They advanced on the quiet city a little past midnight, using the moon as their only light. Elizabeth appeared from the lower decks for the first time all day to rest her eyes on her childhood home. Will joined her at the rail and they stared at the port in an uncomfortable silence. This would be Elizabeth Turner’s final port of call.

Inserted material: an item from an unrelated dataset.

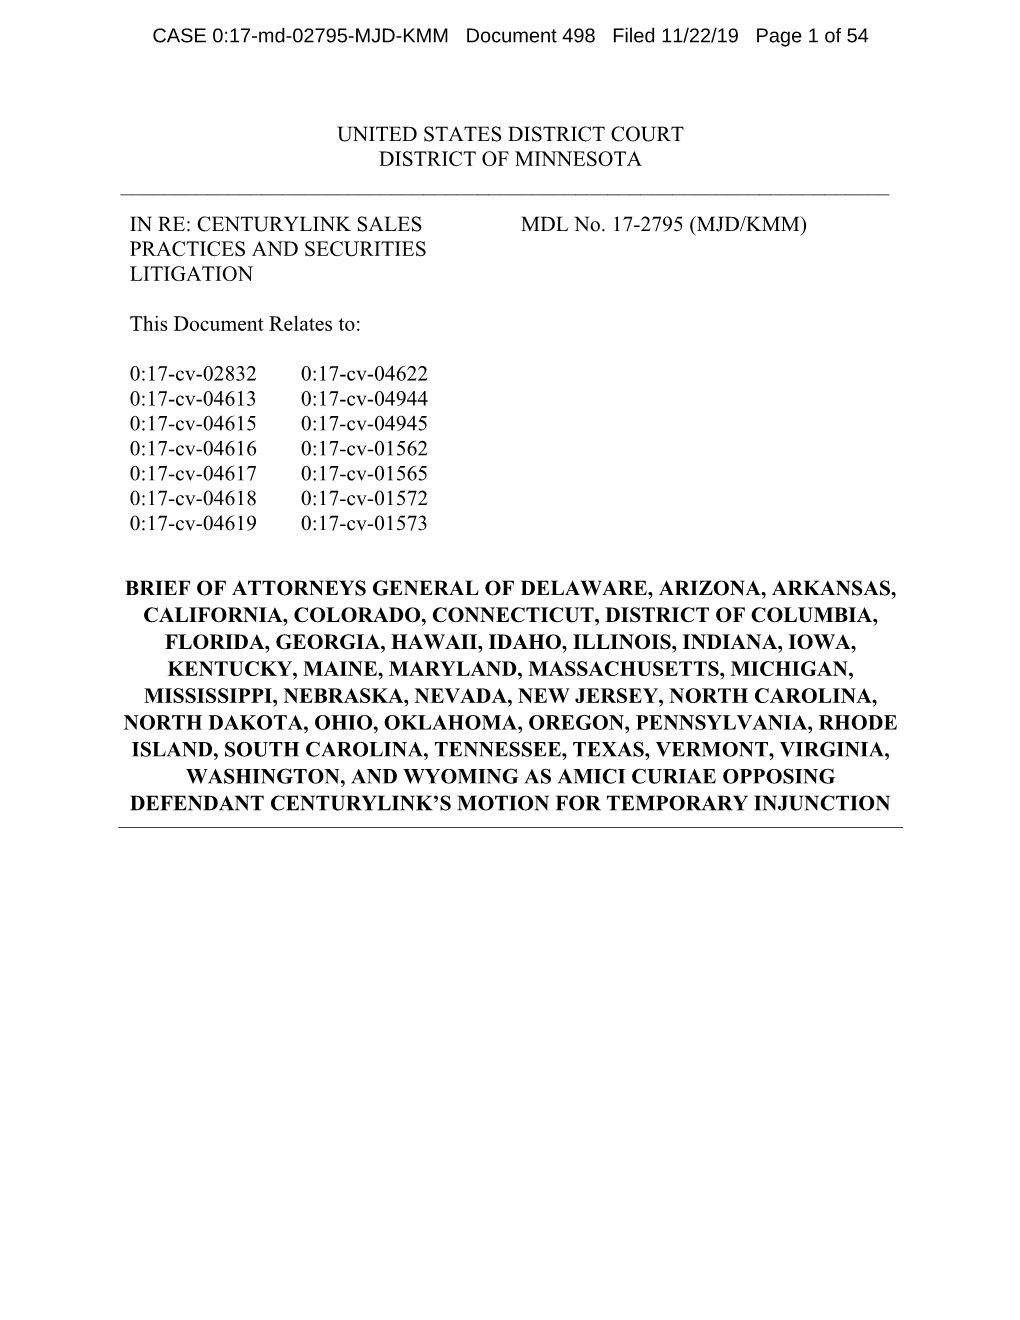 Amicus Opposing Defendants' Motion for Preliminary Injunction

There would be no more adventures once she set foot on land, her main concern turning instead to the child growing in her womb. The young woman would find plenty of trouble for herself, since it was her way, but her days of swashbuckling and sailing had come to a close.
Will cleared his throat, struggling to find the proper words to say. When nothing appropriate came to mind, he settled on fact, “One of my men will take you ashore. You should be able to take over your family fortune since you were your father’s only heir.”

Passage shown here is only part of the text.